▶ **RECORDS FOR PROCESSING**
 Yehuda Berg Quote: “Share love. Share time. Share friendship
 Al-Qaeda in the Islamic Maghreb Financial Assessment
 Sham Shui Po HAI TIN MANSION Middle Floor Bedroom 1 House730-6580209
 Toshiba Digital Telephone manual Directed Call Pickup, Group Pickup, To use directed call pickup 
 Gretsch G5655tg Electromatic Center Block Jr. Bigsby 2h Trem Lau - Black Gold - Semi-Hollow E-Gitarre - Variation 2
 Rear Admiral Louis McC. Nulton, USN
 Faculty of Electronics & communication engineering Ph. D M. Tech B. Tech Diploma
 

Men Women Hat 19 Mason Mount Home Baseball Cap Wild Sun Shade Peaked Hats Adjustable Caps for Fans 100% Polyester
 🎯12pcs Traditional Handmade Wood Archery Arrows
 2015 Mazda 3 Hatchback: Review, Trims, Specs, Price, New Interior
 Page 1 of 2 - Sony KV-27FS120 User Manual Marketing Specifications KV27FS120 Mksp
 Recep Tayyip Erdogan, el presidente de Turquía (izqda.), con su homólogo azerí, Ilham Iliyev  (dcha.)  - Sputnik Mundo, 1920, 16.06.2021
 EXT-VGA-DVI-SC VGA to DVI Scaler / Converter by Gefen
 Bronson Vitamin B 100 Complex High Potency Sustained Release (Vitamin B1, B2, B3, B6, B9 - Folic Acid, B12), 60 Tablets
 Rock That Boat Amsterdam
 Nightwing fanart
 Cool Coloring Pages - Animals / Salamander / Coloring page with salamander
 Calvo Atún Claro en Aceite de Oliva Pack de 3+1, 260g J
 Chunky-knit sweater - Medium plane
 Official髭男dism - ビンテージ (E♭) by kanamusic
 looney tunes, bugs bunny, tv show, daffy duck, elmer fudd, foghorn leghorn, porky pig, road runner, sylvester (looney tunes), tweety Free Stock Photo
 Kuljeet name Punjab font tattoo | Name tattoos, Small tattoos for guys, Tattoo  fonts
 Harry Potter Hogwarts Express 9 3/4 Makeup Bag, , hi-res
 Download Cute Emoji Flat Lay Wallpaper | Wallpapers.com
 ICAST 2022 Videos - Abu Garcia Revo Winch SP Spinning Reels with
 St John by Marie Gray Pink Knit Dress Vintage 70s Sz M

▶ **BRIEF**
Start to finish, output the whole listing exactly.

▶ **EXERCISE RESULT**
 Yehuda Berg Quote: “Share love. Share time. Share friendship
 Al-Qaeda in the Islamic Maghreb Financial Assessment
 Sham Shui Po HAI TIN MANSION Middle Floor Bedroom 1 House730-6580209
 Toshiba Digital Telephone manual Directed Call Pickup, Group Pickup, To use directed call pickup 
 Gretsch G5655tg Electromatic Center Block Jr. Bigsby 2h Trem Lau - Black Gold - Semi-Hollow E-Gitarre - Variation 2
 Rear Admiral Louis McC. Nulton, USN
 Faculty of Electronics & communication engineering Ph. D M. Tech B. Tech Diploma
 

Men Women Hat 19 Mason Mount Home Baseball Cap Wild Sun Shade Peaked Hats Adjustable Caps for Fans 100% Polyester
 🎯12pcs Traditional Handmade Wood Archery Arrows
 2015 Mazda 3 Hatchback: Review, Trims, Specs, Price, New Interior
 Page 1 of 2 - Sony KV-27FS120 User Manual Marketing Specifications KV27FS120 Mksp
 Recep Tayyip Erdogan, el presidente de Turquía (izqda.), con su homólogo azerí, Ilham Iliyev  (dcha.)  - Sputnik Mundo, 1920, 16.06.2021
 EXT-VGA-DVI-SC VGA to DVI Scaler / Converter by Gefen
 Bronson Vitamin B 100 Complex High Potency Sustained Release (Vitamin B1, B2, B3, B6, B9 - Folic Acid, B12), 60 Tablets
 Rock That Boat Amsterdam
 Nightwing fanart
 Cool Coloring Pages - Animals / Salamander / Coloring page with salamander
 Calvo Atún Claro en Aceite de Oliva Pack de 3+1, 260g J
 Chunky-knit sweater - Medium plane
 Official髭男dism - ビンテージ (E♭) by kanamusic
 looney tunes, bugs bunny, tv show, daffy duck, elmer fudd, foghorn leghorn, porky pig, road runner, sylvester (looney tunes), tweety Free Stock Photo
 Kuljeet name Punjab font tattoo | Name tattoos, Small tattoos for guys, Tattoo  fonts
 Harry Potter Hogwarts Express 9 3/4 Makeup Bag, , hi-res
 Download Cute Emoji Flat Lay Wallpaper | Wallpapers.com
 ICAST 2022 Videos - Abu Garcia Revo Winch SP Spinning Reels with
 St John by Marie Gray Pink Knit Dress Vintage 70s Sz M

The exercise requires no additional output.